▶ **Problem requirements**
Omit all pictures. Quote only the lines from the one with "Aston Martin V12 Speedster - premiera" through the end of the material below.

▶ **Recorded information**
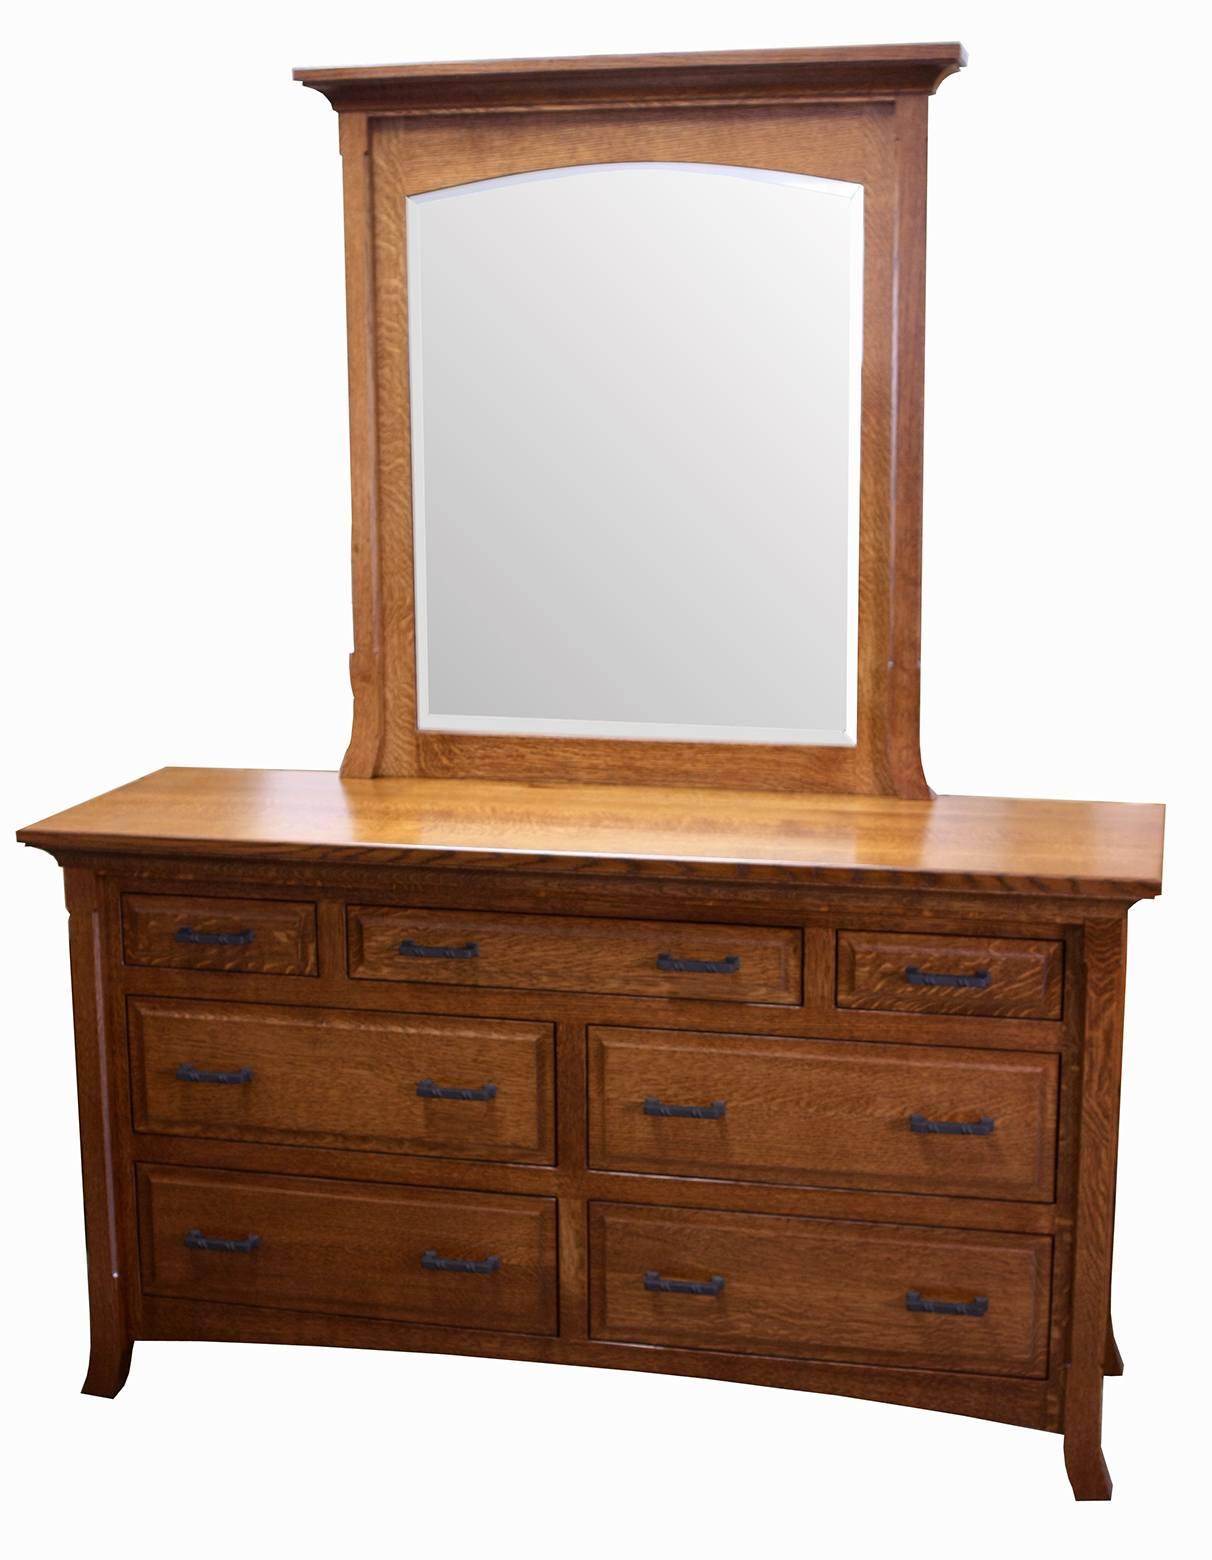 Homestead Seven-Drawer Dresser and Mirror
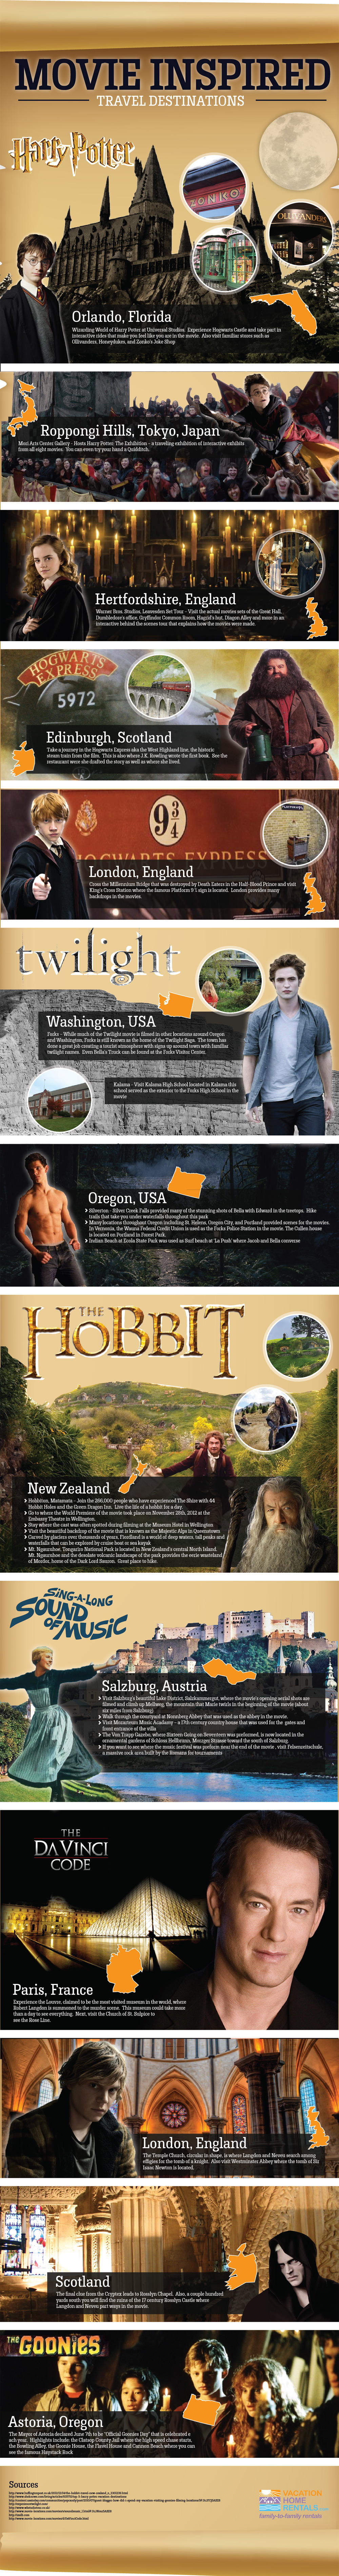 Movie Inspired Travel Destinations
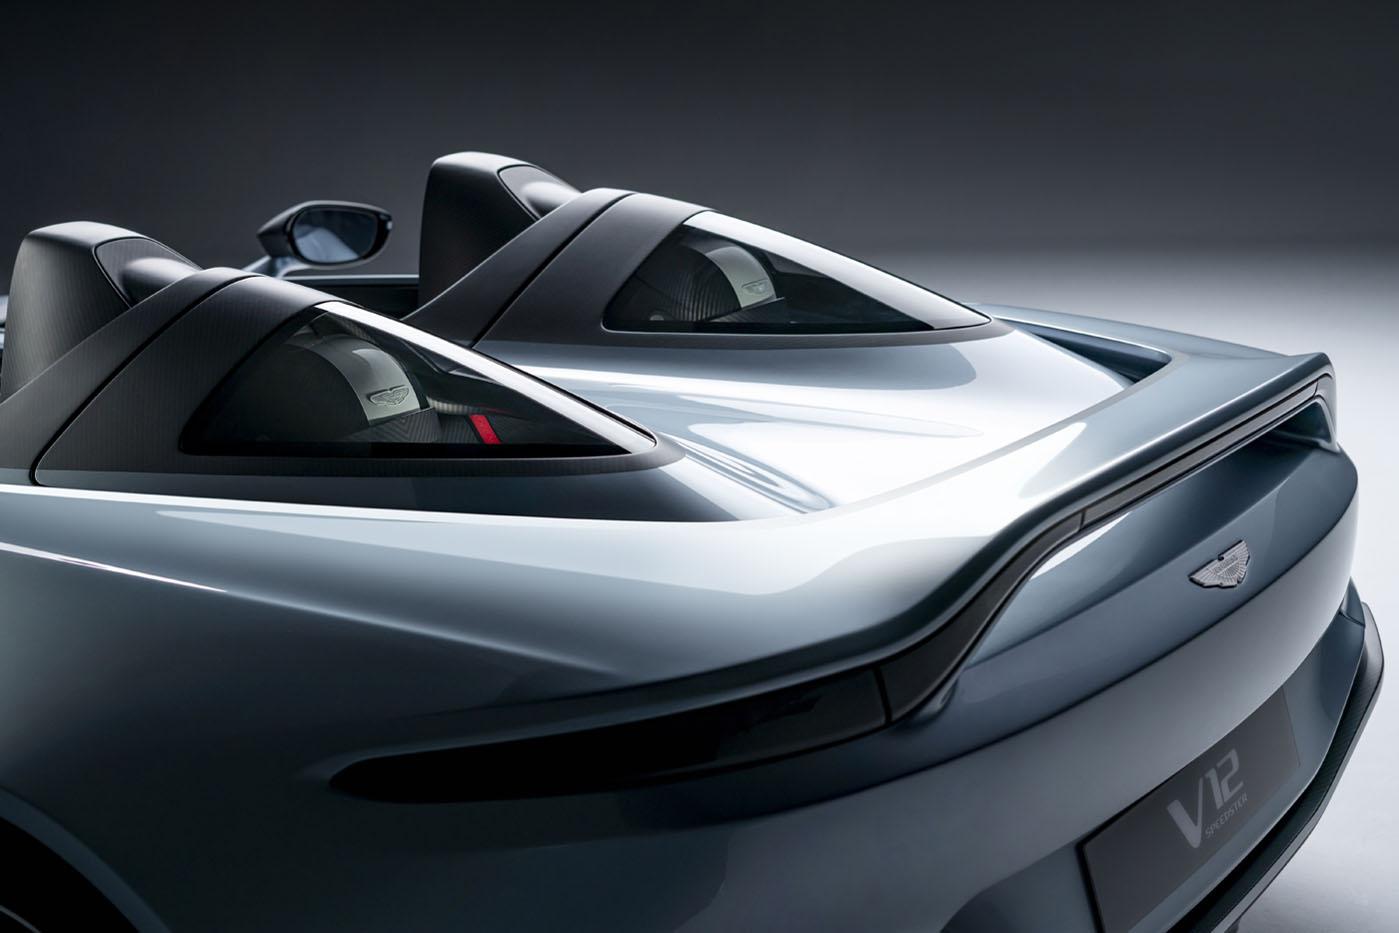 Aston Martin V12 Speedster - premiera
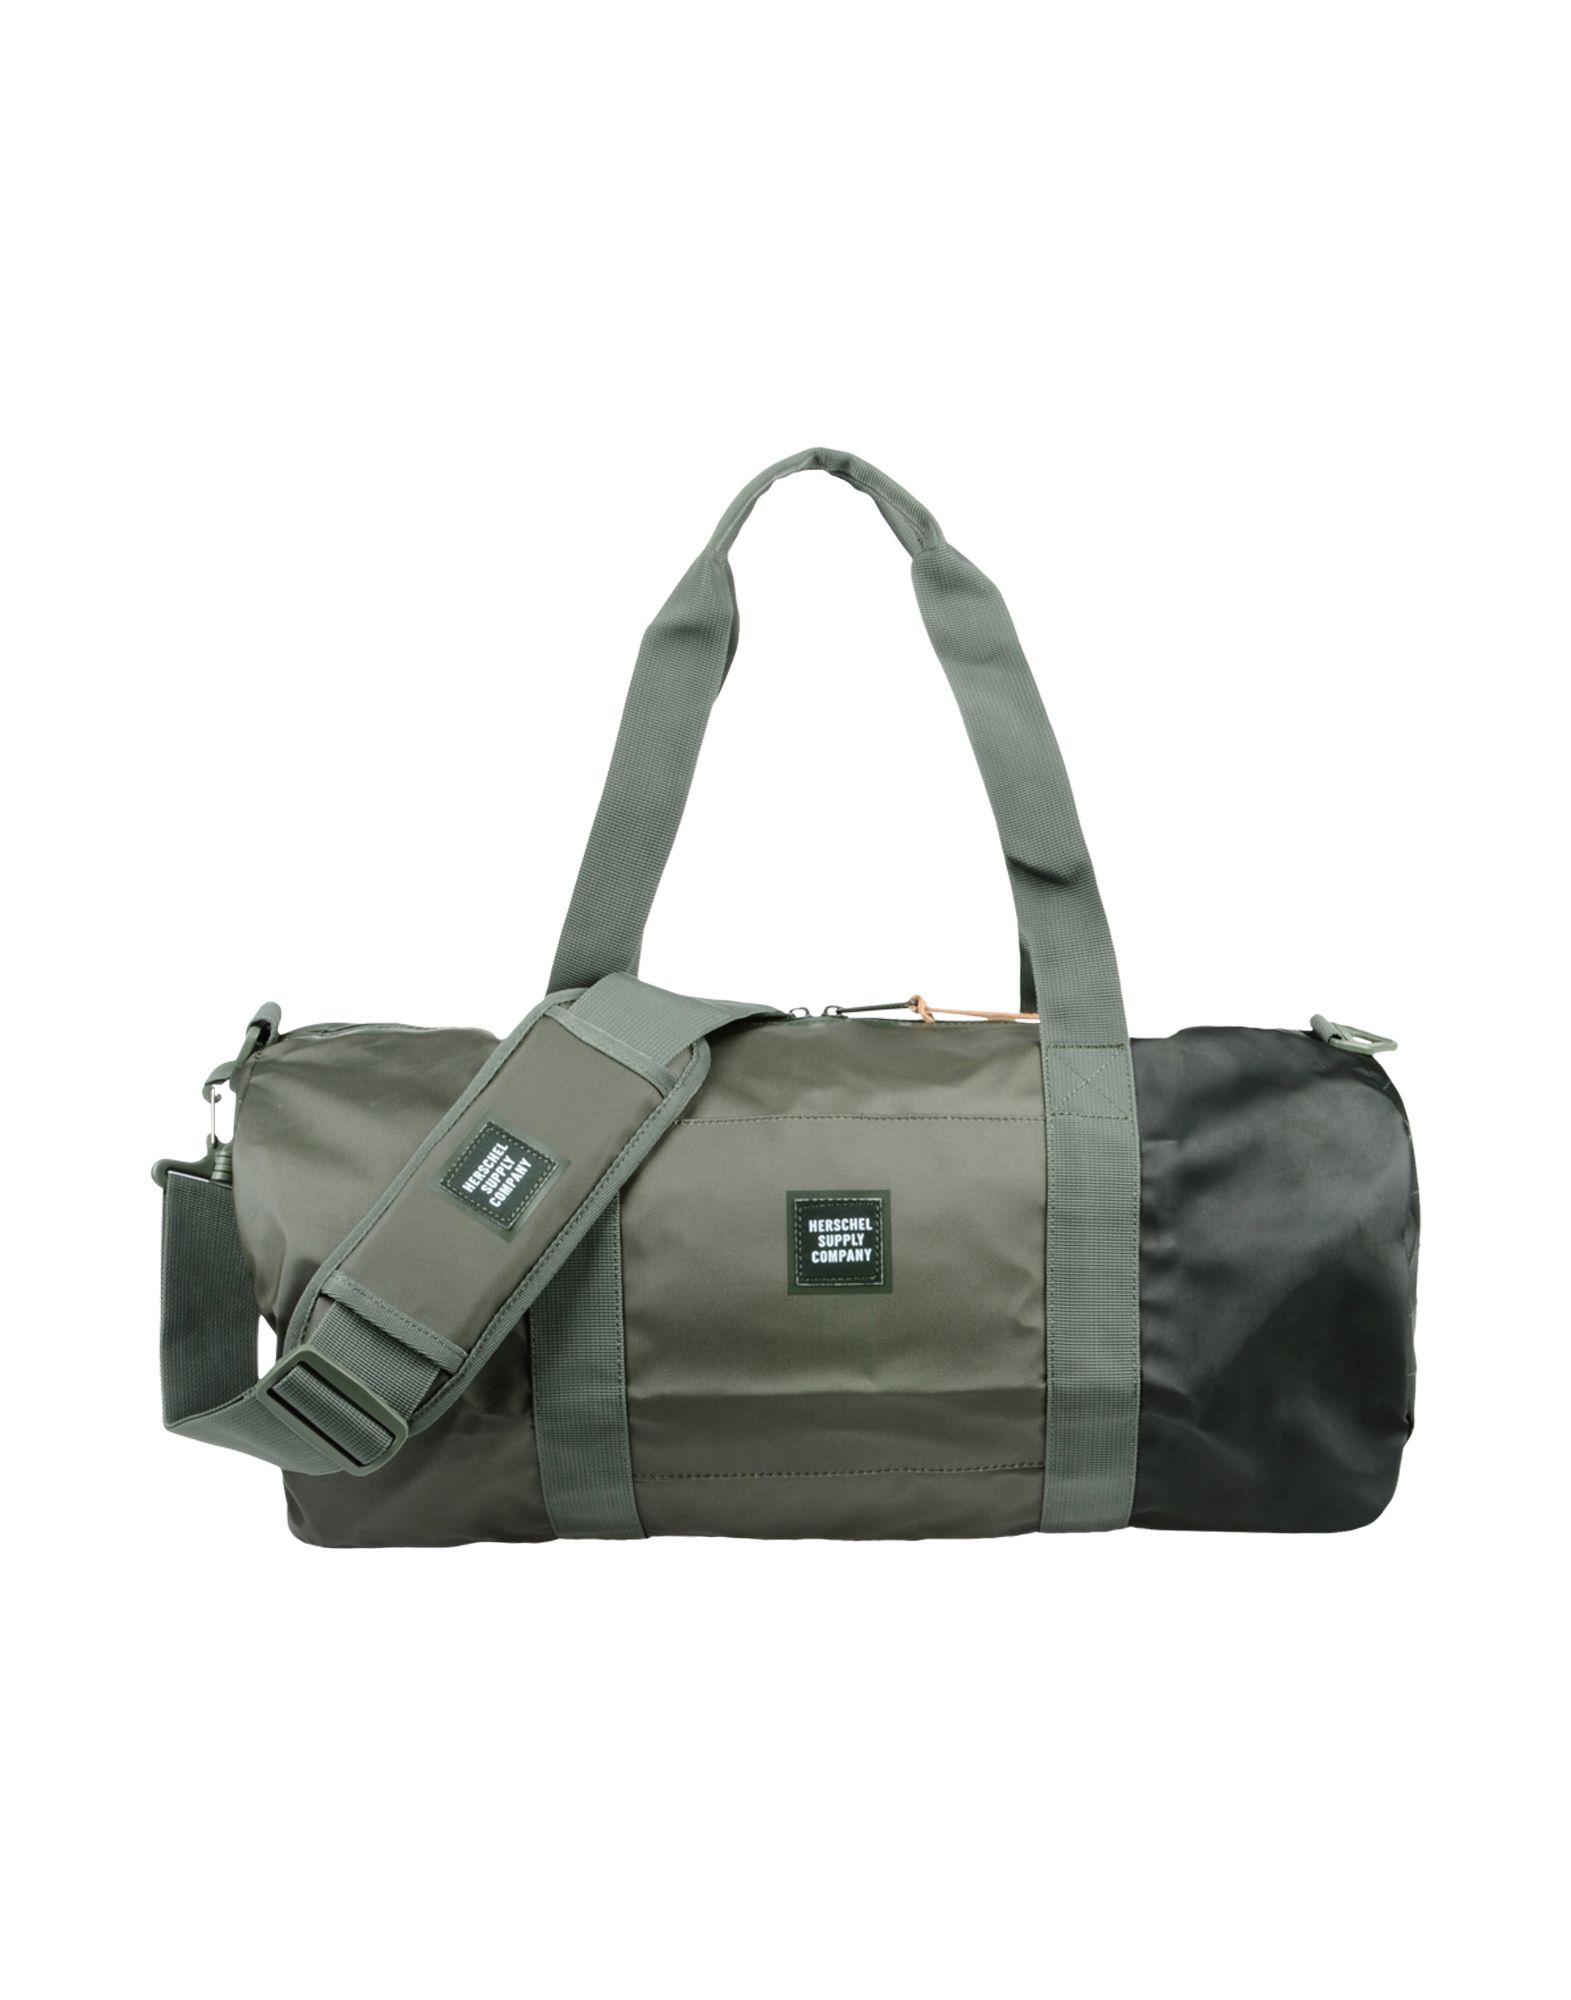 421347517bf5 Herschel Supply Co. Sutton Mid Duffle Studio - Travel   Duffel Bag ...

▶ **Expected answer**
 Aston Martin V12 Speedster - premiera
 421347517bf5 Herschel Supply Co. Sutton Mid Duffle Studio - Travel   Duffel Bag ...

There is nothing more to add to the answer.